__ASSIGNED TASK__
Could you retype exactly the lines below between the one holding "Image for Zippo Harley Davidson Lighters" and the one holding "Optimally illuminated garage: Safety", inclusive, leaving out any pictures?

** Opening DATA block **

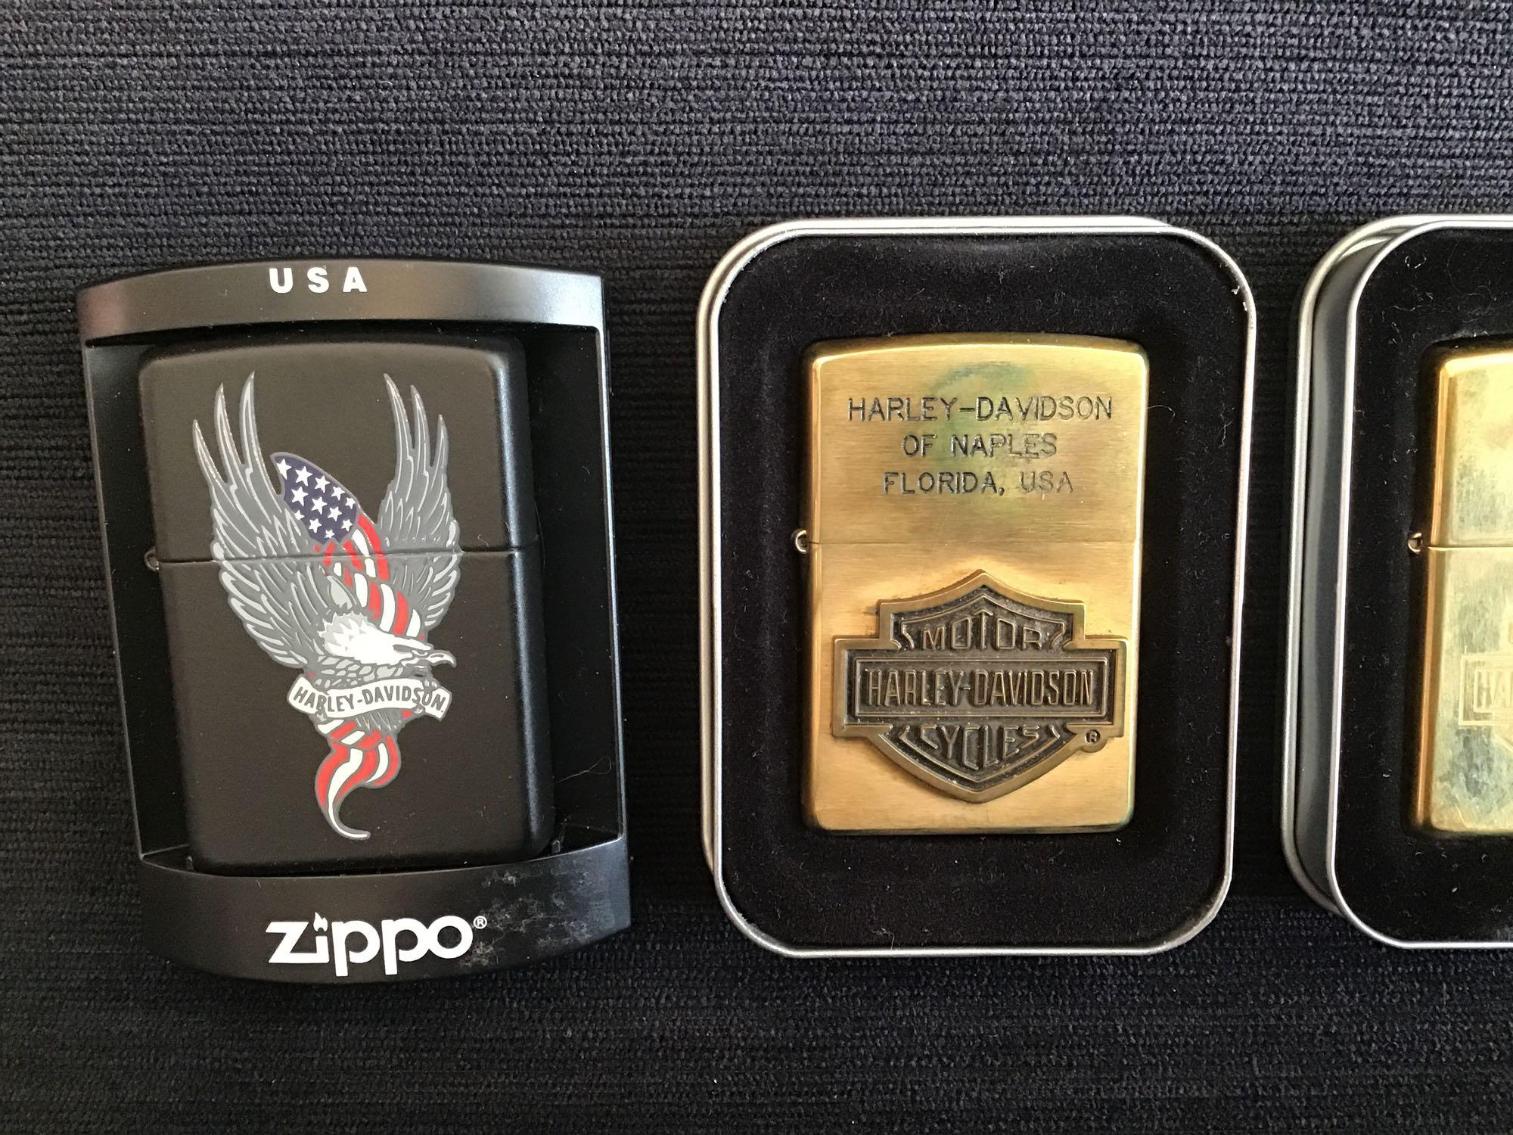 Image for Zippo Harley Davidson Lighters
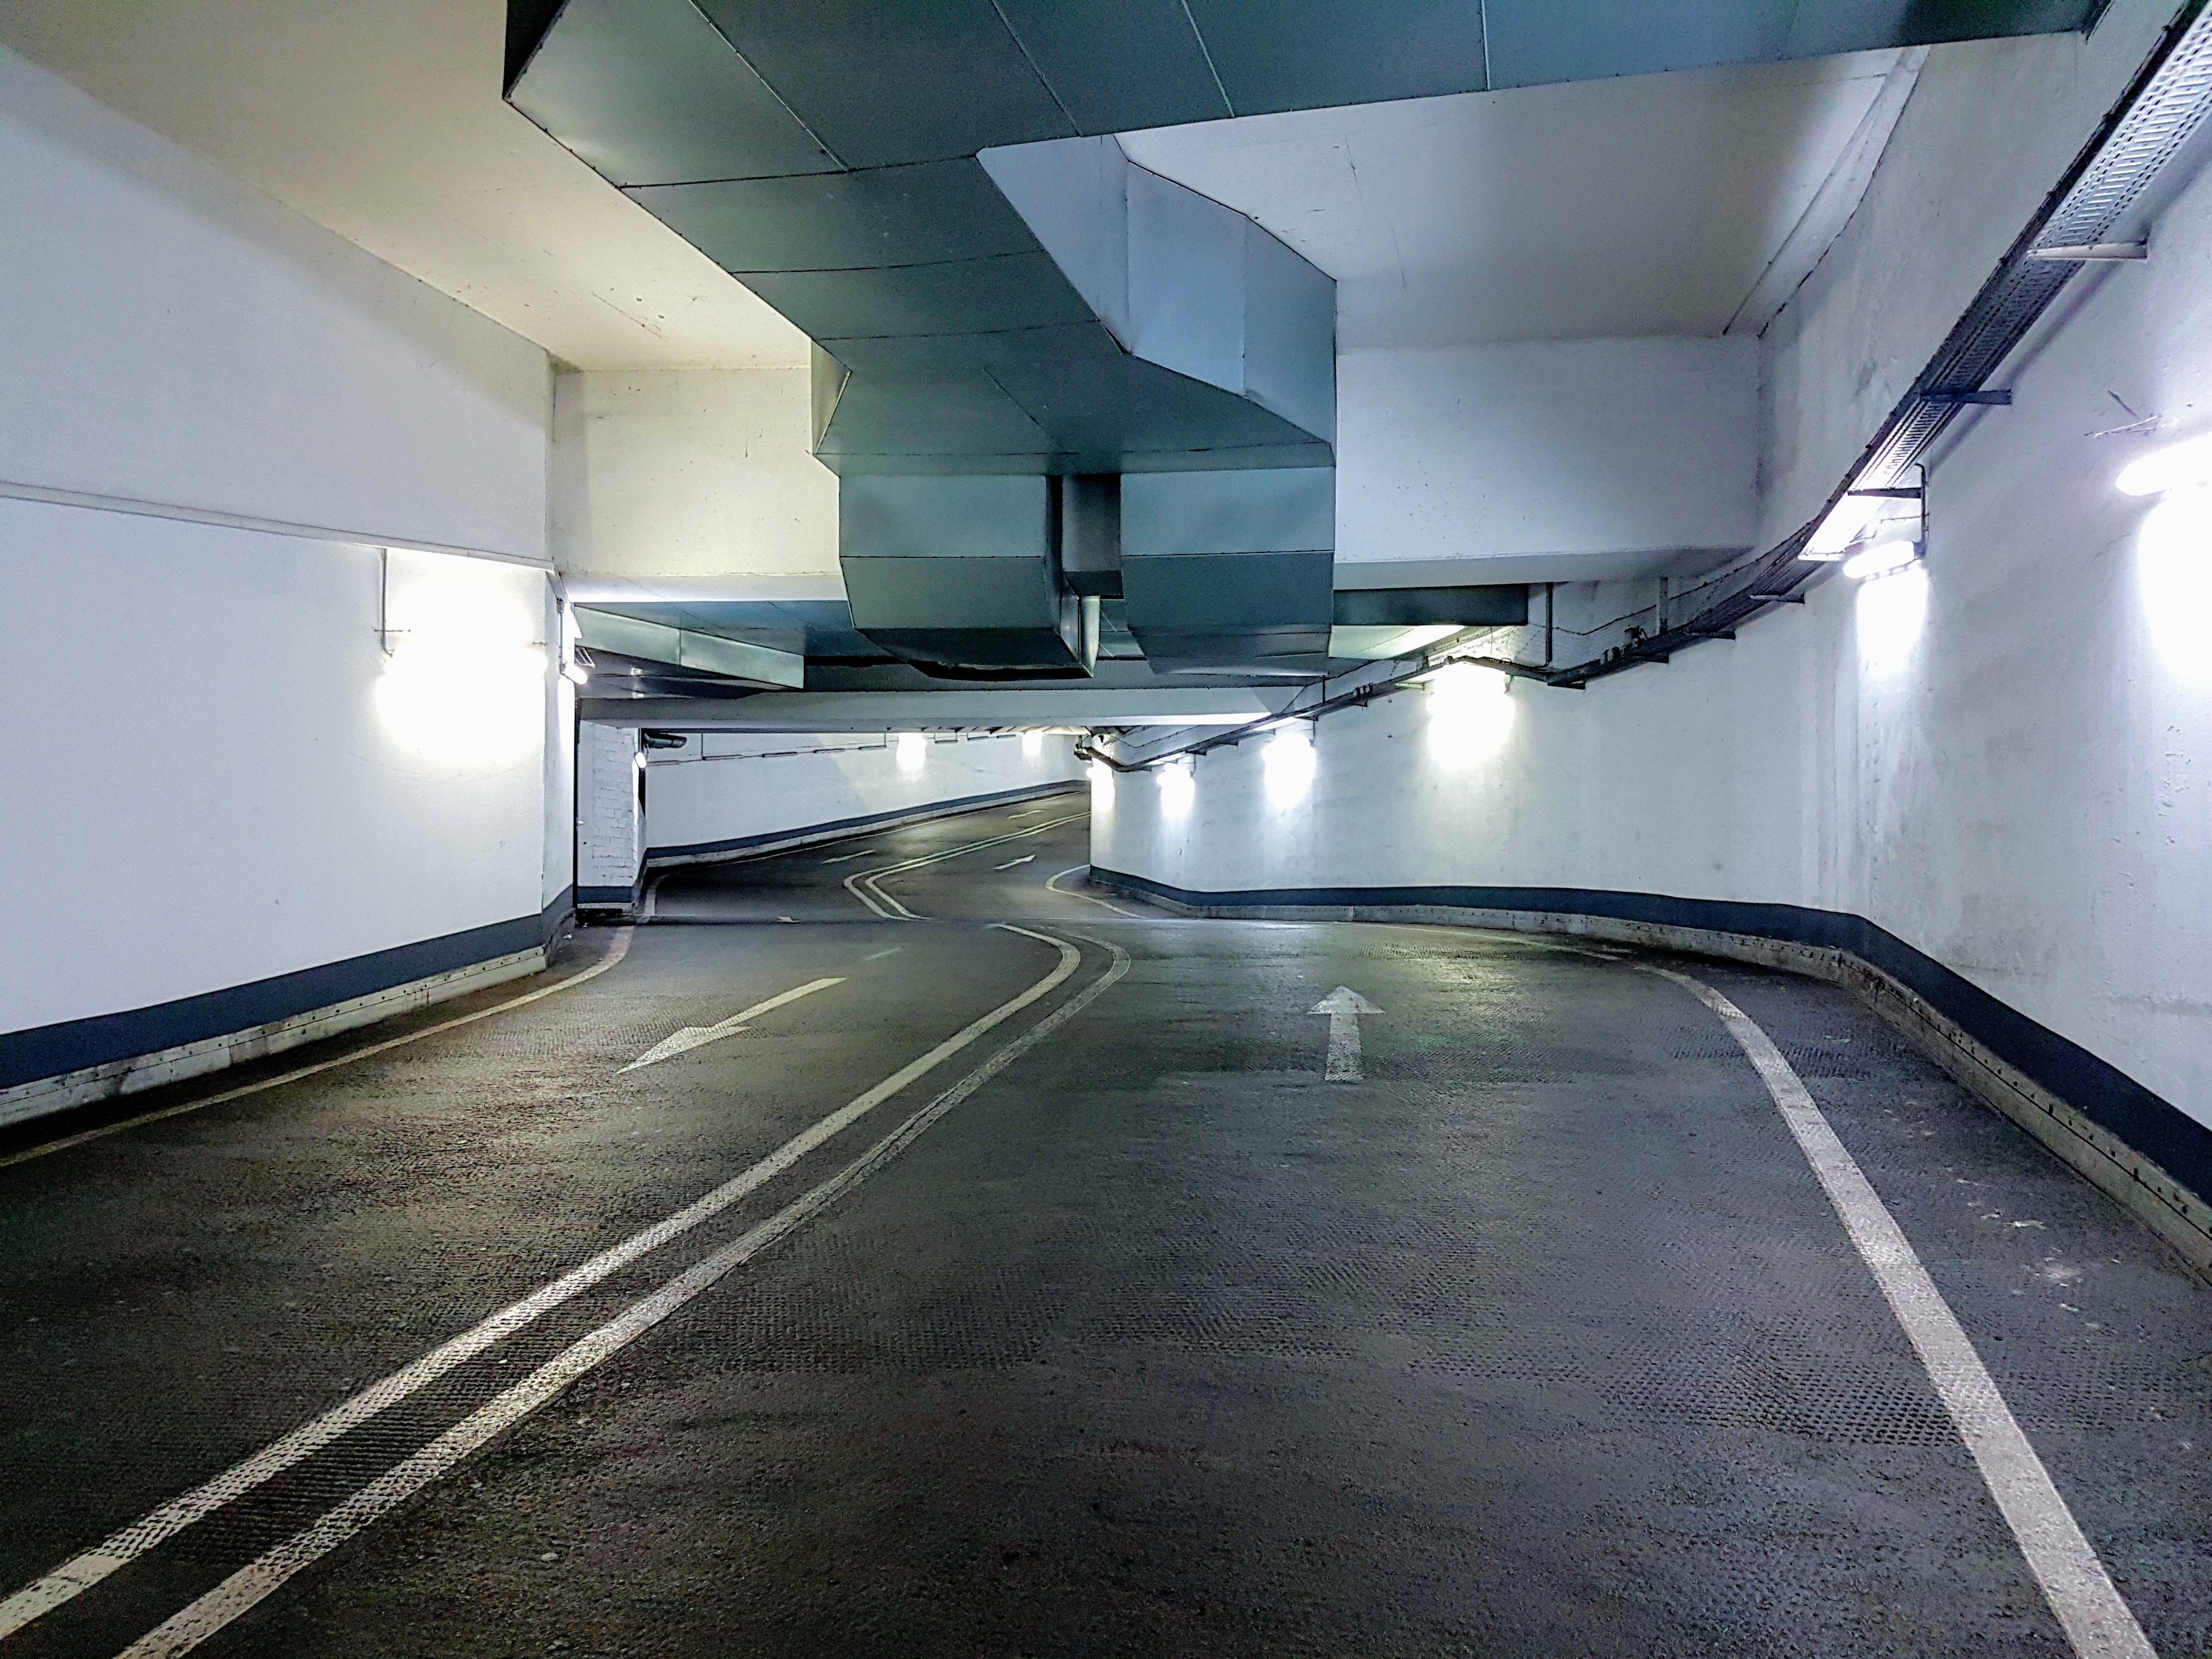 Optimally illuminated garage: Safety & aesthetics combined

** Closing DATA block **
** Opening DATA block **

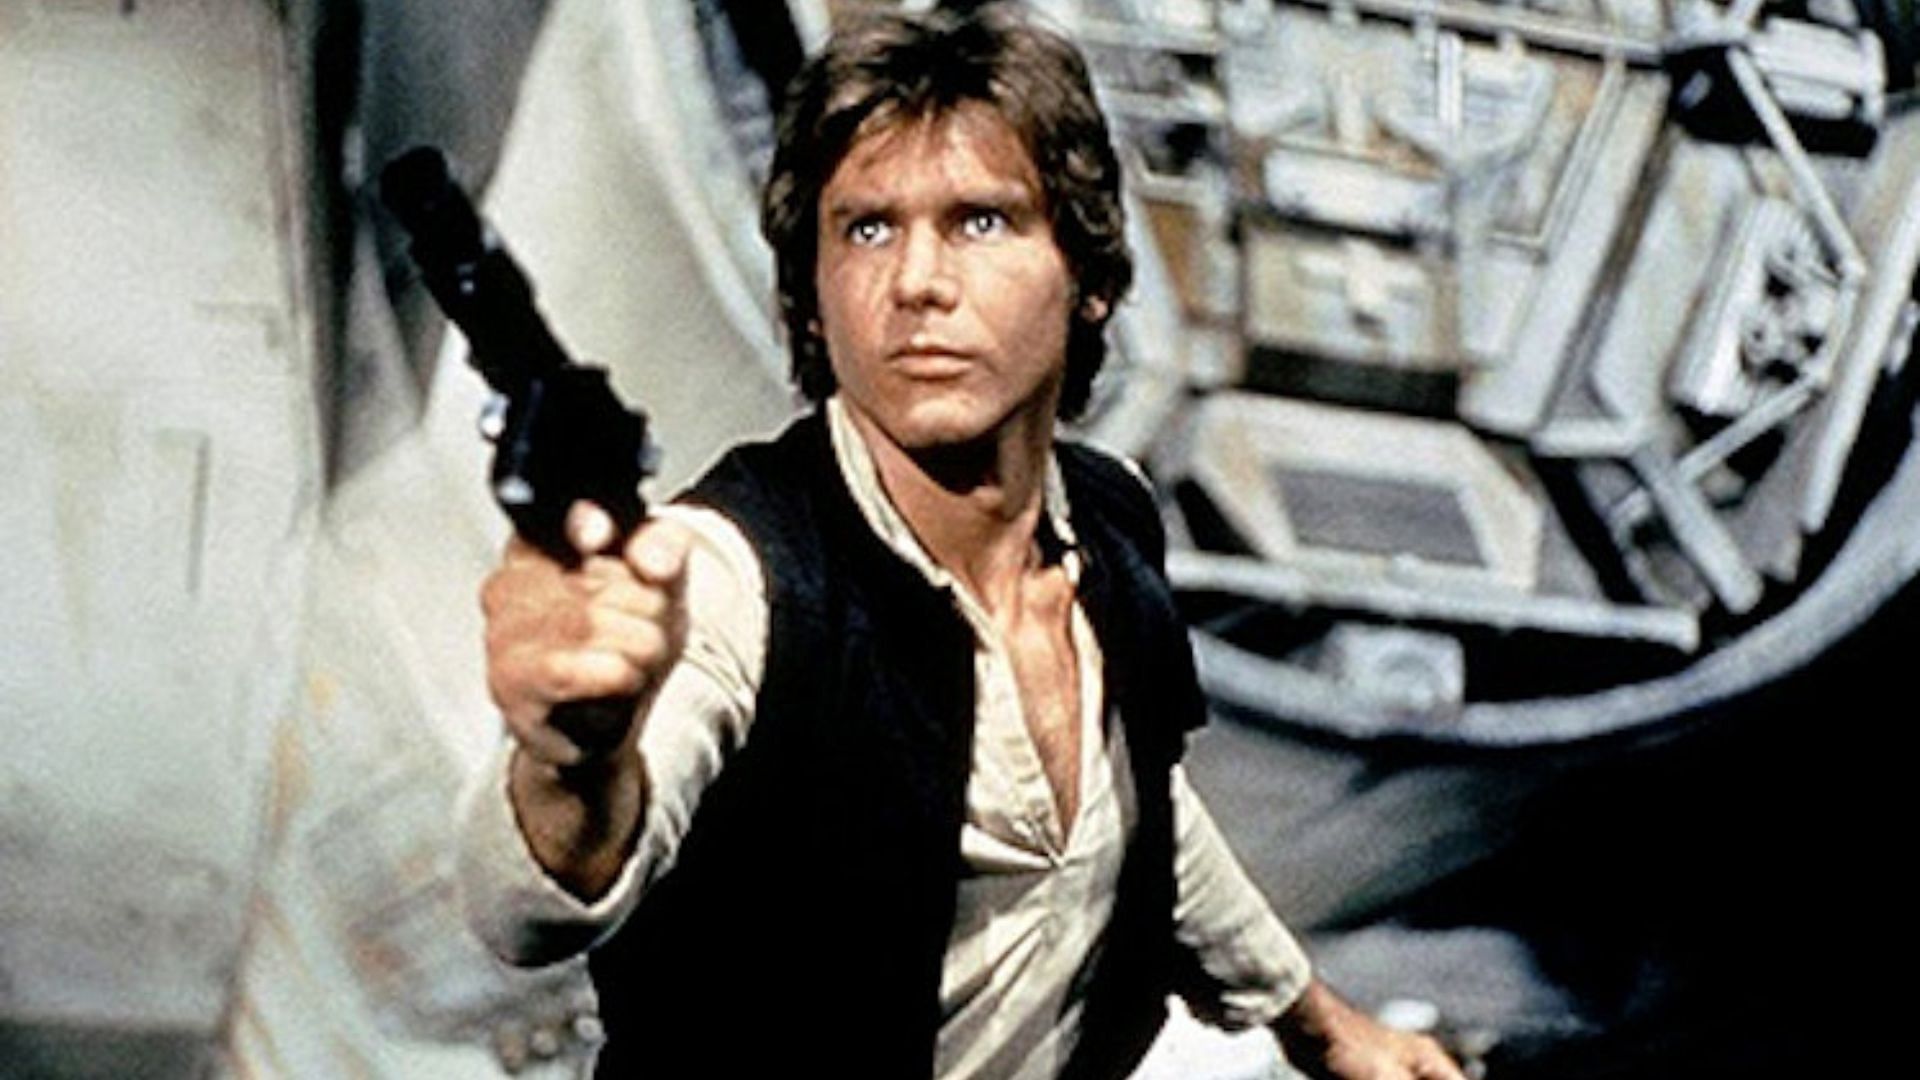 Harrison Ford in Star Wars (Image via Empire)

** Closing DATA block **

__RESPONSE FOR THIS EXERCISE__
 Image for Zippo Harley Davidson Lighters
 Optimally illuminated garage: Safety & aesthetics combined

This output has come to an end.